- About this exercise -
Taking the line with "Tampere: Vastapaino. 2000" as the first and the line with "All Hallows by" as the last, set down the lines below exactly, pictures excluded.

- Entries provided -
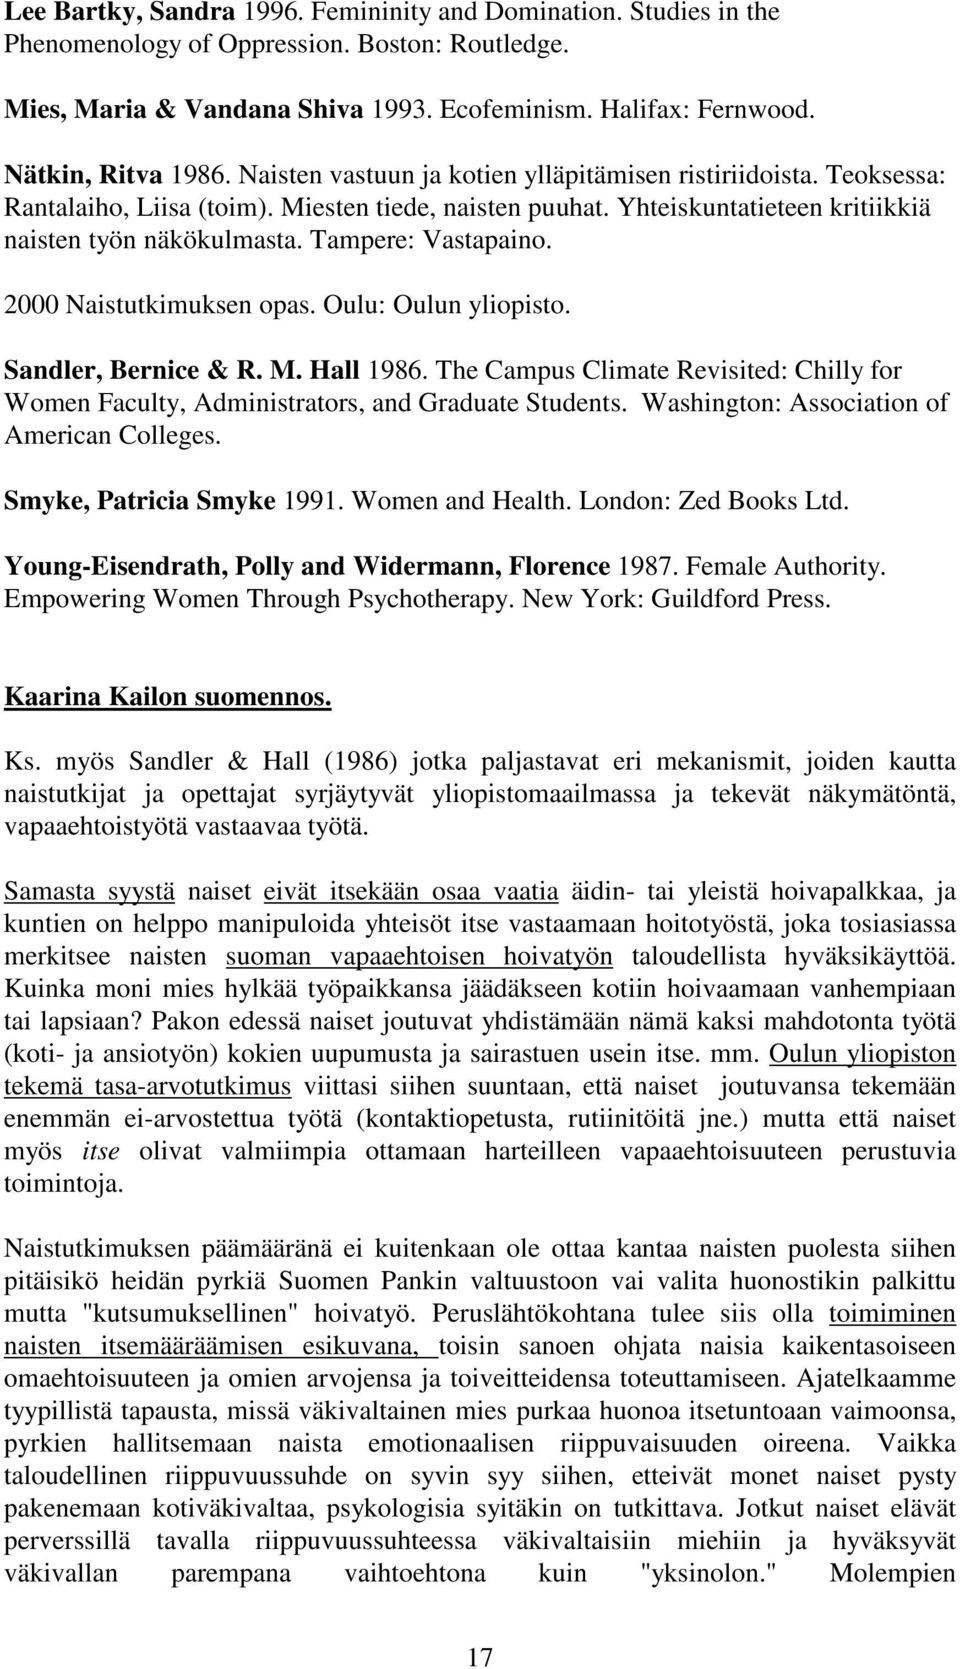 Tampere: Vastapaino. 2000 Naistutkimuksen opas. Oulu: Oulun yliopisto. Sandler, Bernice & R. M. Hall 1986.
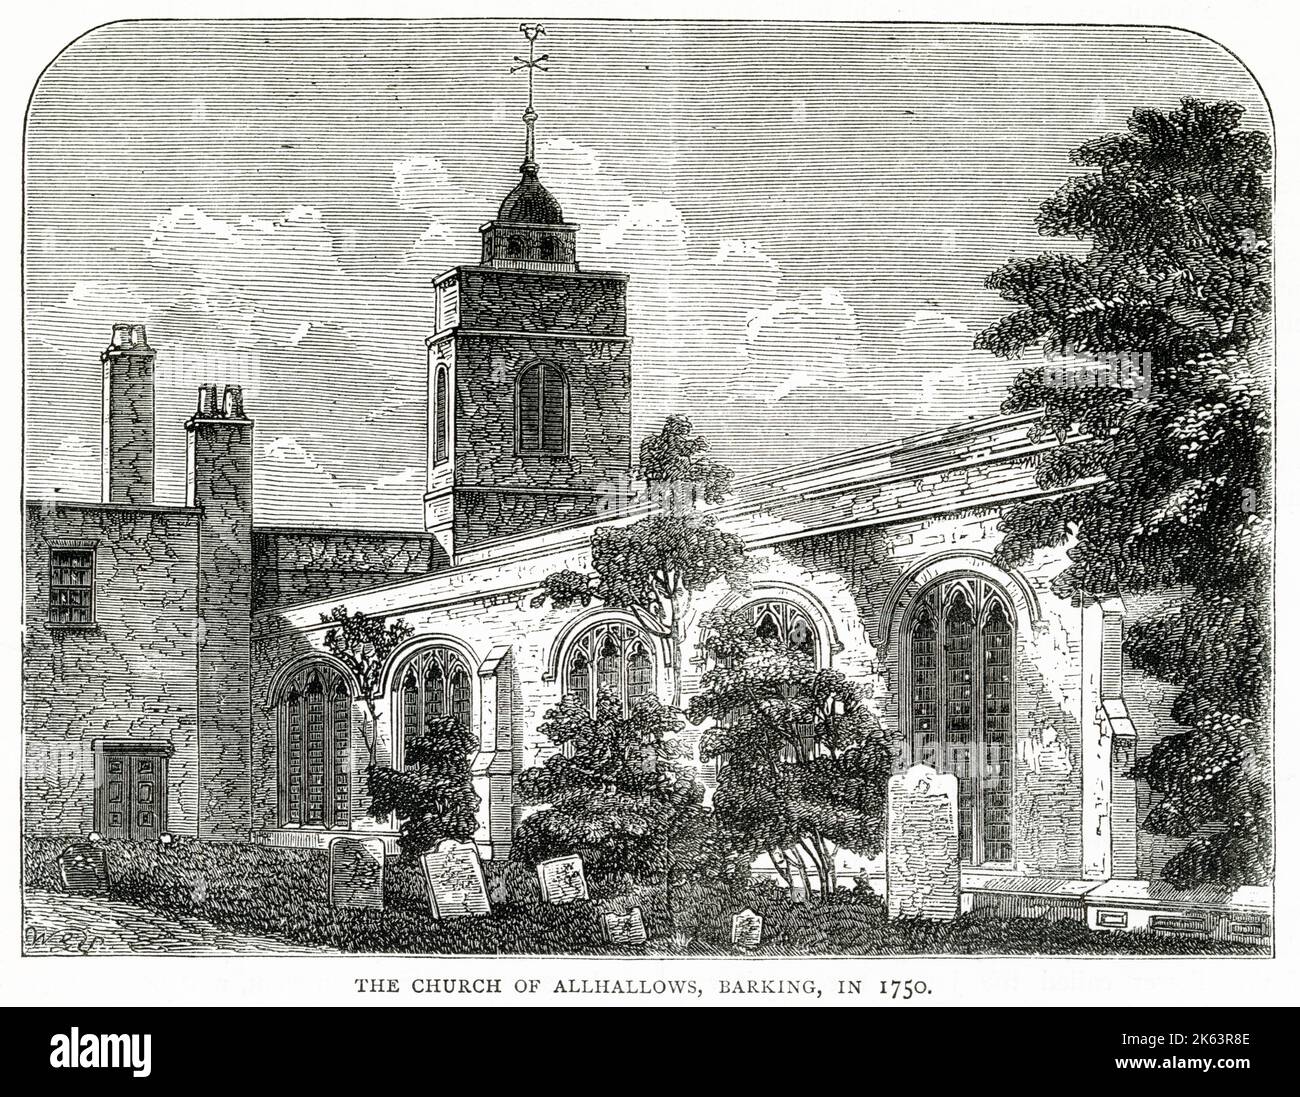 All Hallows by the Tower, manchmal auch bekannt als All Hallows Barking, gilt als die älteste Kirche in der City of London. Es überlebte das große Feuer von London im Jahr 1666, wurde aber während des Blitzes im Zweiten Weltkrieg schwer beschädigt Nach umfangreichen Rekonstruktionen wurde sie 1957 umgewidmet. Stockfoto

--

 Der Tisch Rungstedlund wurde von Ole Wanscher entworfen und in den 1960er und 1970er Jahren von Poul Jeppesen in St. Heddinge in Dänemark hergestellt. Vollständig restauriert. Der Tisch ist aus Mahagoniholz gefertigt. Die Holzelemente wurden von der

==

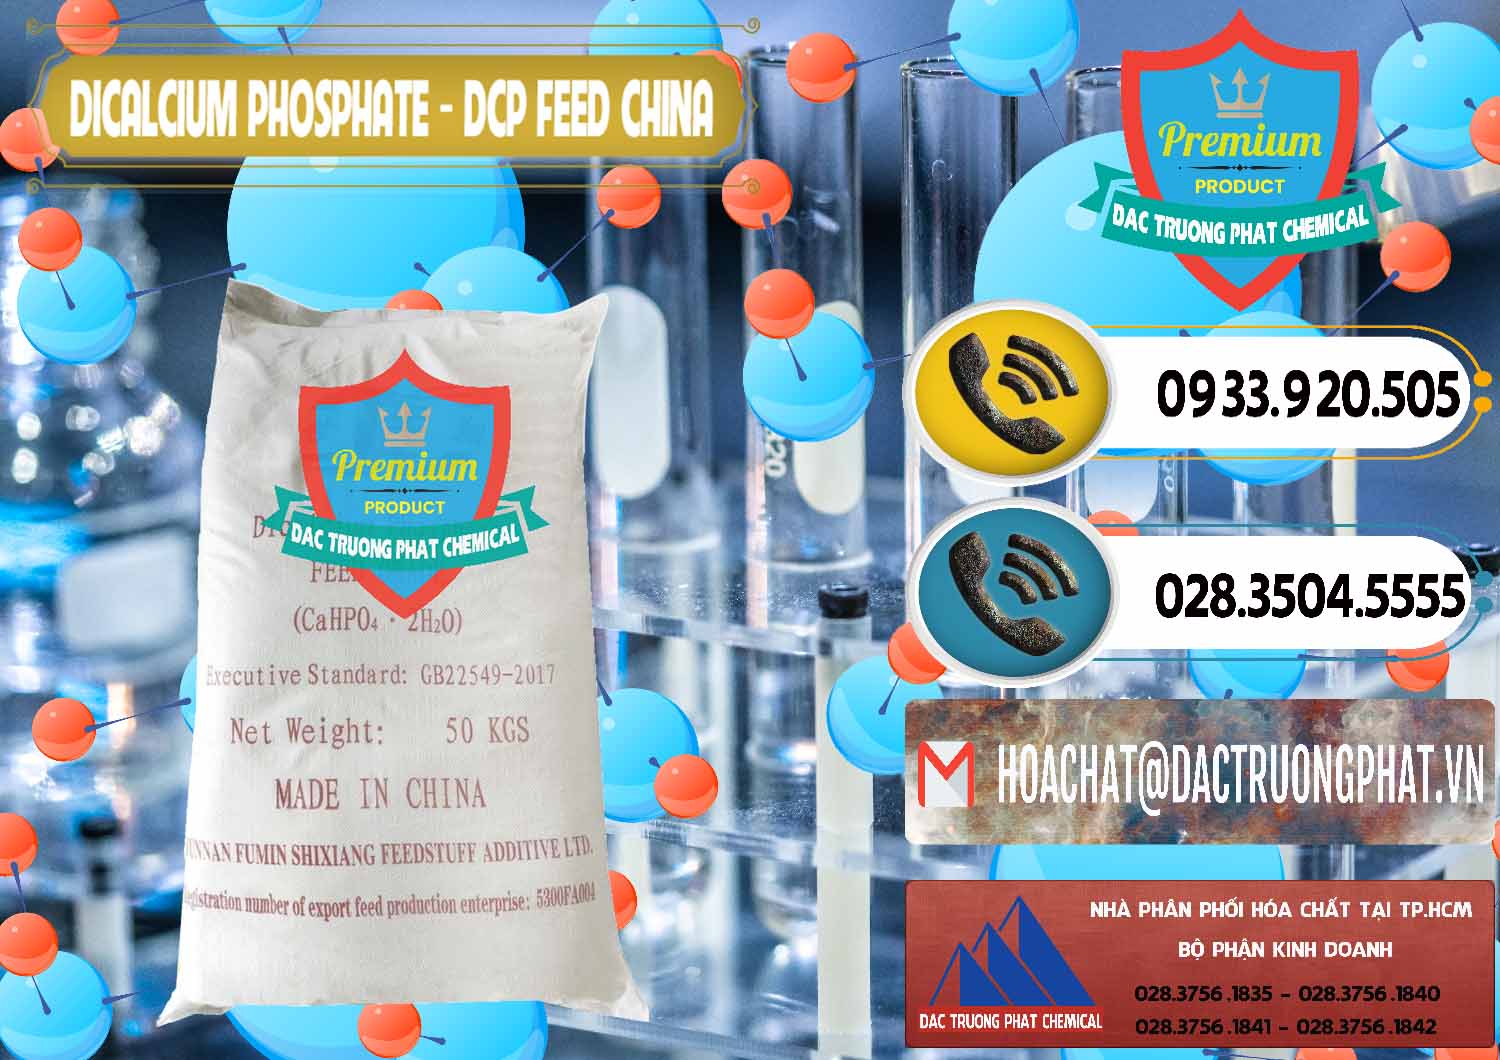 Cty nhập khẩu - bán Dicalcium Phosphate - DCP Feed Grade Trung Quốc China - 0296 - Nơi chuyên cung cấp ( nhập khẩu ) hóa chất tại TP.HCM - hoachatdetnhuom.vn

- Exercise response -
 Tampere: Vastapaino. 2000 Naistutkimuksen opas. Oulu: Oulun yliopisto. Sandler, Bernice & R. M. Hall 1986.
 All Hallows by the Tower, manchmal auch bekannt als All Hallows Barking, gilt als die älteste Kirche in der City of London. Es überlebte das große Feuer von London im Jahr 1666, wurde aber während des Blitzes im Zweiten Weltkrieg schwer beschädigt Nach umfangreichen Rekonstruktionen wurde sie 1957 umgewidmet. Stockfoto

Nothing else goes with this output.